*Problem to solve*. Given the records underneath, please repeat exactly the lines from the line with "Pashtush India Womens" through the line with "Cty chuyên phân", passing over any picture.

*Dataset extract*.
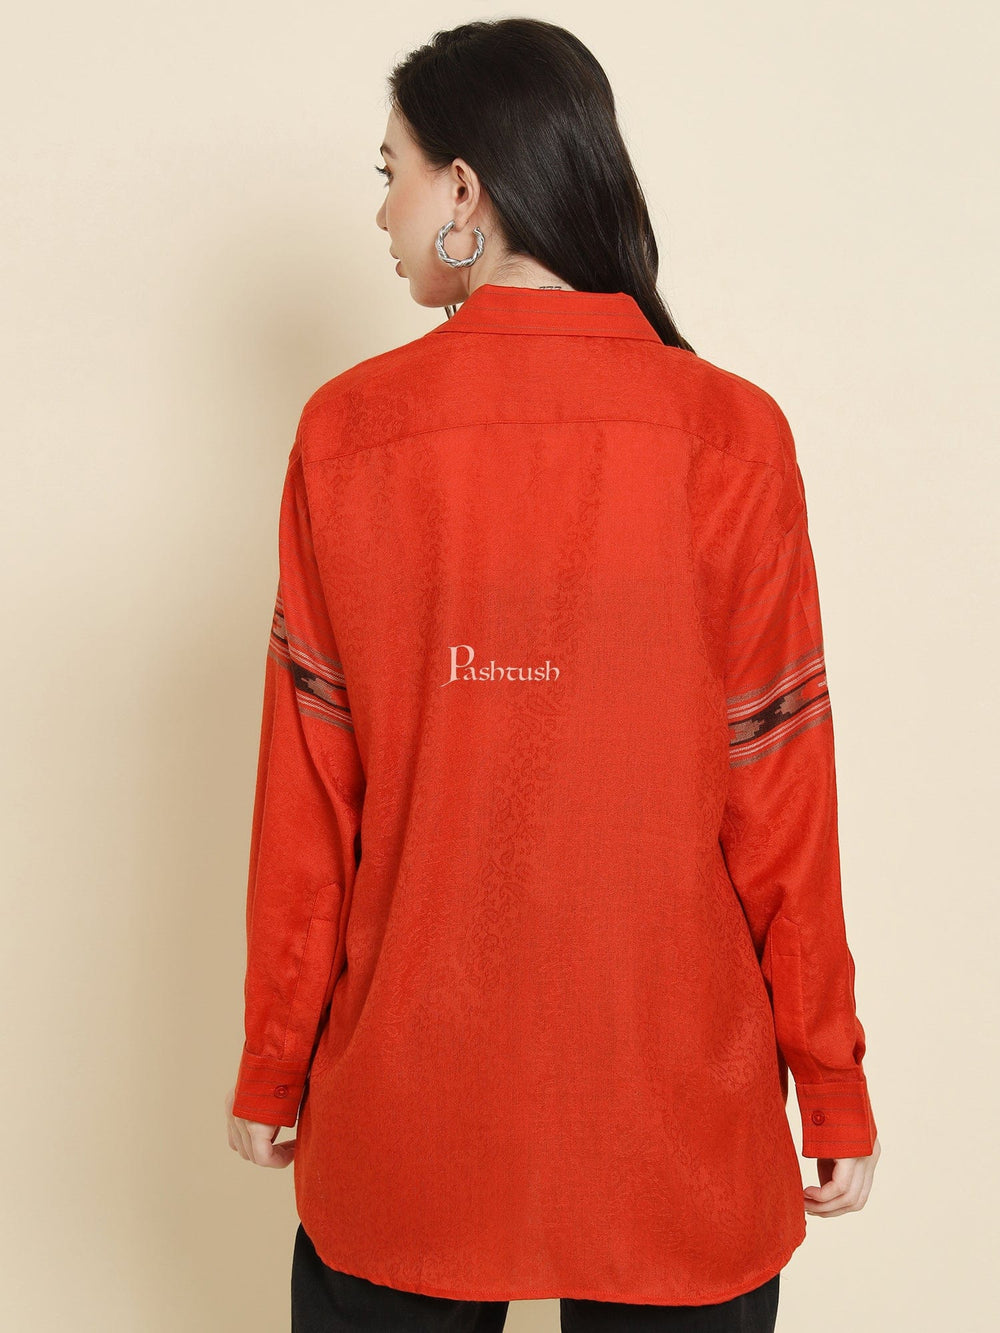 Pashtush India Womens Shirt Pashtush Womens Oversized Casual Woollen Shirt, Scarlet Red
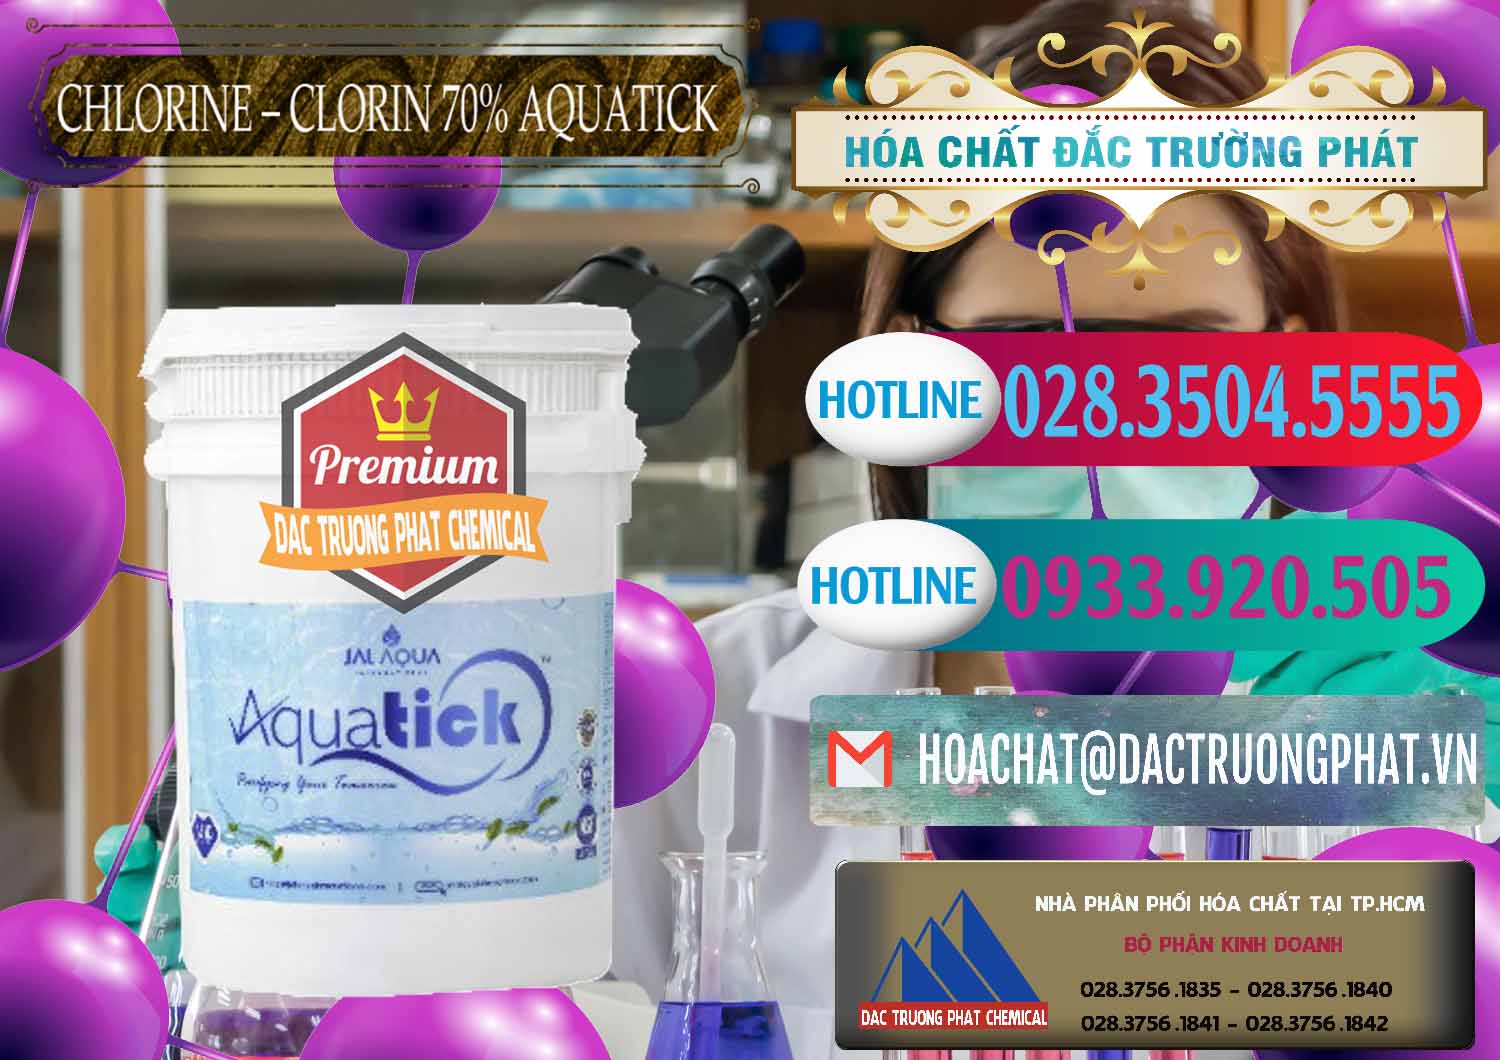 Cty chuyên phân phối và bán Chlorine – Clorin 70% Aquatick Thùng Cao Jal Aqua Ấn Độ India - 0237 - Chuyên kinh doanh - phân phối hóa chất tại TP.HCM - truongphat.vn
---
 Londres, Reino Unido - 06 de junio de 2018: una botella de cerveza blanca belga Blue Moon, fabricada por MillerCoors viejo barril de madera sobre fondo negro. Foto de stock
* * *
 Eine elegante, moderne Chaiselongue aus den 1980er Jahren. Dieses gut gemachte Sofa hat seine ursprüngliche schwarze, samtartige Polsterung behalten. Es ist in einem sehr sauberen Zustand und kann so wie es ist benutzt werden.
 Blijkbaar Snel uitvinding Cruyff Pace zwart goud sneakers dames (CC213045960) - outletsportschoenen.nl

*Written answer*.
 Pashtush India Womens Shirt Pashtush Womens Oversized Casual Woollen Shirt, Scarlet Red
 Cty chuyên phân phối và bán Chlorine – Clorin 70% Aquatick Thùng Cao Jal Aqua Ấn Độ India - 0237 - Chuyên kinh doanh - phân phối hóa chất tại TP.HCM - truongphat.vn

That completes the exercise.